Ship work through PRs and let Gadfly review it before merge:

- **Push to a PR, never straight to `main`.** Branch, push, open a PR.
  `.gitea/workflows/adversarial-review.yml` runs Gadfly (the standalone
  agentic adversarial reviewer) — a fleet of 6 ollama-cloud models, each
  running the 3-lens suite (security, correctness, error-handling). Advisory
  only; it never blocks the merge.
- **Wait for Gadfly to finish, then read its output.** Don't merge while the
  review is still running. Each model posts one consolidated comment; weigh
  every finding on its merits and fix the real ones (Gadfly is a simple
  system — findings are advisory, so confirm before acting).
- **Grade the findings back to the Gadfly MCP.** For each finding, call
  `mcp__gadfly__record_finding_grade`: `is_real=true` + a `severity`
  (trivial|small|medium|high|critical) for a genuine problem, or
  `is_real=false` for a false positive; add `notes`/`usefulness` when
  useful.
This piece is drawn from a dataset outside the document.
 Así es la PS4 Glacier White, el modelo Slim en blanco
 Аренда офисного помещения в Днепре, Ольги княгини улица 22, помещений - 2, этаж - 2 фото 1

Use `mcp__gadfly__list_findings` (`only_ungraded=true`) to find
  what still needs grading and `mcp__gadfly__scoreboard` for the per-model
  rollup. This telemetry is how we measure whether each model earns its keep.

## Out of scope (anti-creep)

No persistent store (health is in-memory behind the registry), no
observability/metrics stack, no config-file framework beyond LLM_* env
DSNs, no CLI beyond examples, no provider-specific features leaking into
the canonical API, nothing mort-specific in the library.